Mounir argued that if every country tries to achieve self-sovereignty, it will come at a cost that can’t scale.

“There is an economic challenge to build this fragmented cloud all around the country,” he said. “The effort needs to be done in as many countries on the continent.”

Navigating the continent’s macroeconomic challenges is crucial to harnessing the potential of the digital economy, and the only way to do that is to build together, Youssefi noted.

Demand for data centre capacity on the continent is expected to rise to two gigawatts by 2030, requiring at least $10 billion in investment, according to projections from McKinsey, a global management consulting firm. 

Currently, the combined installed capacity of the continent’s top five markets (Egypt, Kenya, Morocco, Nigeria, and South Africa) is under 500 MW, less than what France had in 2024 (about 800 MW).

“Fifty-four African countries cannot build individually. But we also cannot import the solutions from outside. We have to craft our own solutions there,” Youssef said. 

The building ambition

Abdullahi referenced Gaia-X as a template for the continent.  

The European Union launched Gaia-X in 2020, an initiative that aims to build an interoperable, secure data infrastructure that complies with its standards.

The strategy aims to strengthen the EU’s digital sovereignty in the face of the hegemony of North American players.

America’s Amazon AWS owns 28% of the global cloud market, followed by Microsoft’s Azure at 21%, and Google Cloud at 14%.

In the fourth quarter of 2025, global cloud infrastructure service spending grew to $119 billion, and thanks to the AI boom, the cloud market is expected to keep growing year-on-year.

Africa has the Smart Africa Trust Alliance, a cross-border data exchange guideline. The African Continental Free Trade Area also has protocols for digital trade. But experts had noted that the implementation has yet to meet its ambition. 

“We need to build digital highways between African countries so that we can start creating and capturing value from the data we are creating,” NITDA’s boss said. “We need to look at all those regulations and policies.”

Owning the cloud will also entail harmonising data laws.

“If you want to push things across the borders, there is the regulation aspect that also has to be cross-border, with all the concepts of data indices to give guarantees and to basically harmonise the regulation between countries,” Mounir said.

So, who builds?

Shared cloud infrastructure will continue to remain a dream without execution, Youssefi said.

On who should take the lead, Abdullahi noted that both the private and public sectors have roles to play. The government has regulatory roles, while the private sector has capital expenditure expectations.

Mounir noted that governments must put their skin in the game.

“They need to put a piece of investment. That is how it is going to work. It is to have an anchor within the country, to have some sort of institutional investor,” he said.

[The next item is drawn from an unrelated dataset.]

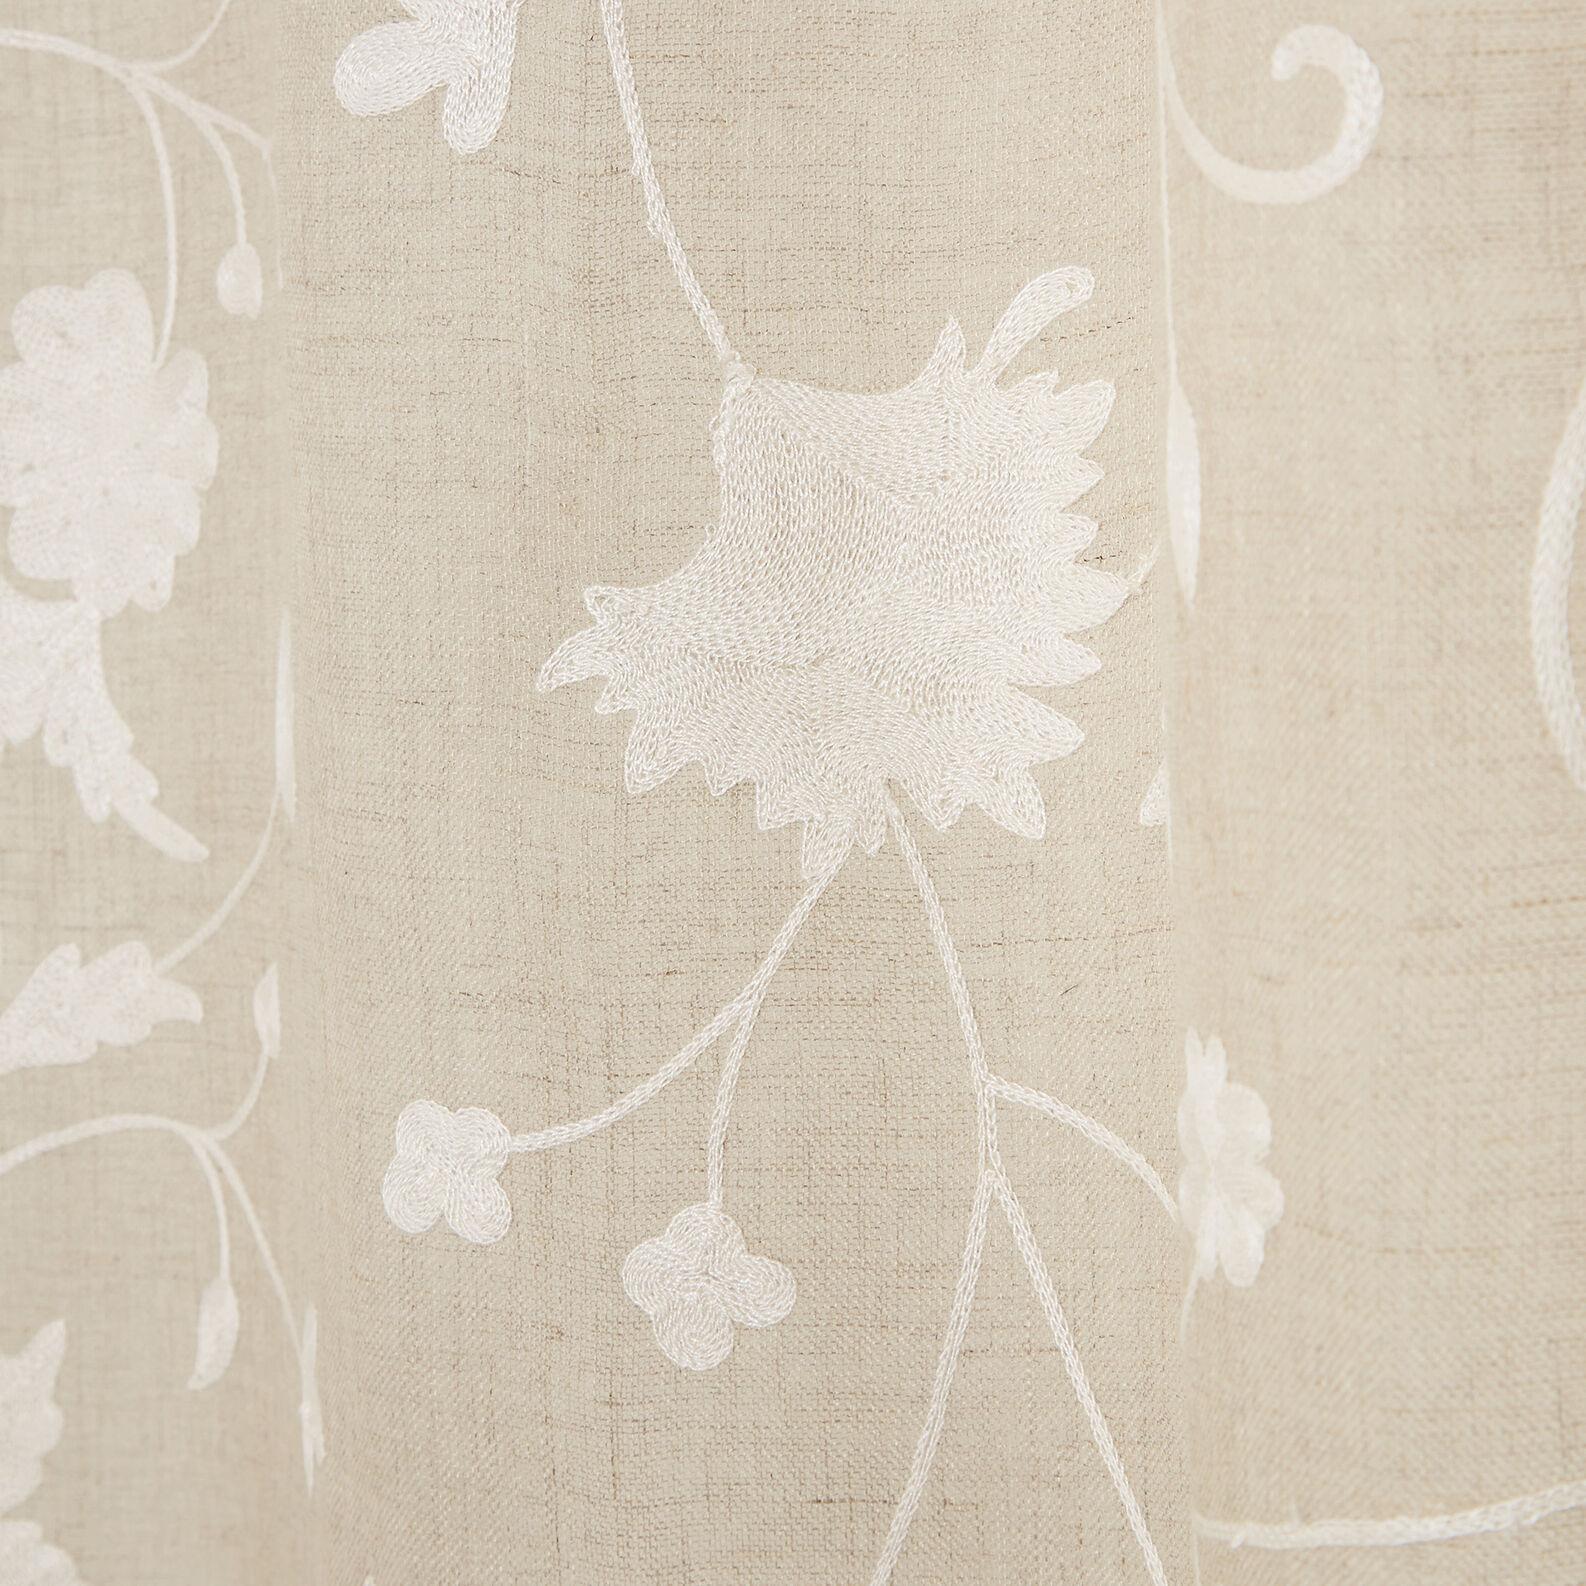 Tenda puro lino ricamo floreale
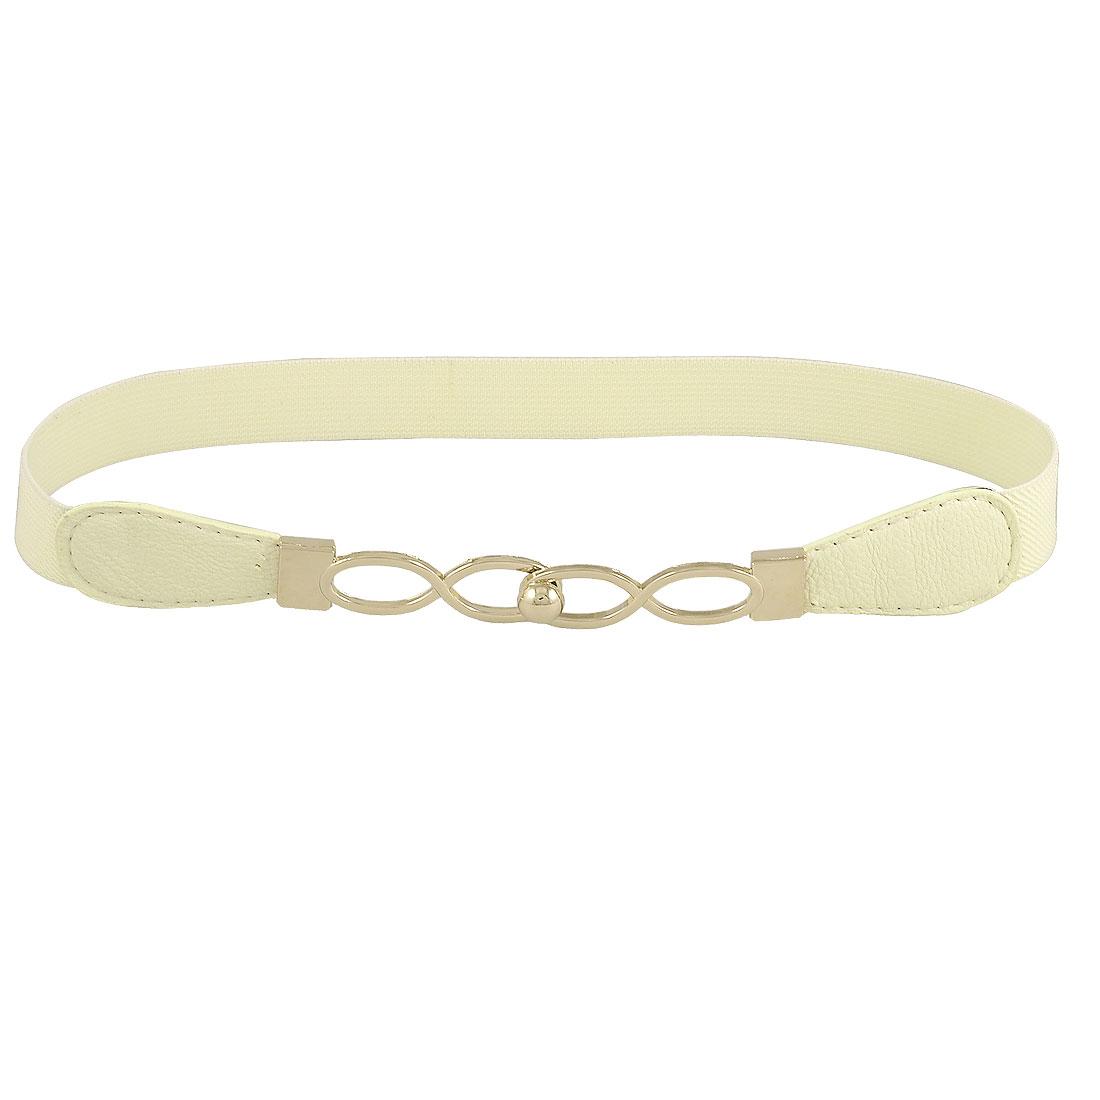 Lady Gold Tone Eight Shaped Buckle Elastic Skinny Cinch Waistband Belt Beige

Much of the cloud infrastructure on the continent is currently private sector-led.

MTN Nigeria completed the first phase of its $235 million data centre and cloud infrastructure in 2025.

Cassava Technologies has launched Africa’s first AI factory in South Africa, where it is deploying thousands of GPUs, Youssefi said.  

“A couple of thousand GPUs is a drop in the ocean, as we said briefly earlier, compared to what is required across the continent for us to reach the ratio of one in five that we have at the macro level,” he said.

Failure to act now will keep Africa out of the fourth industrial age, NITDA’s boss argued, especially with rising AI deployment making the ownership of cloud infrastructure expedient. 

“We know that who owns our data controls us,” he added.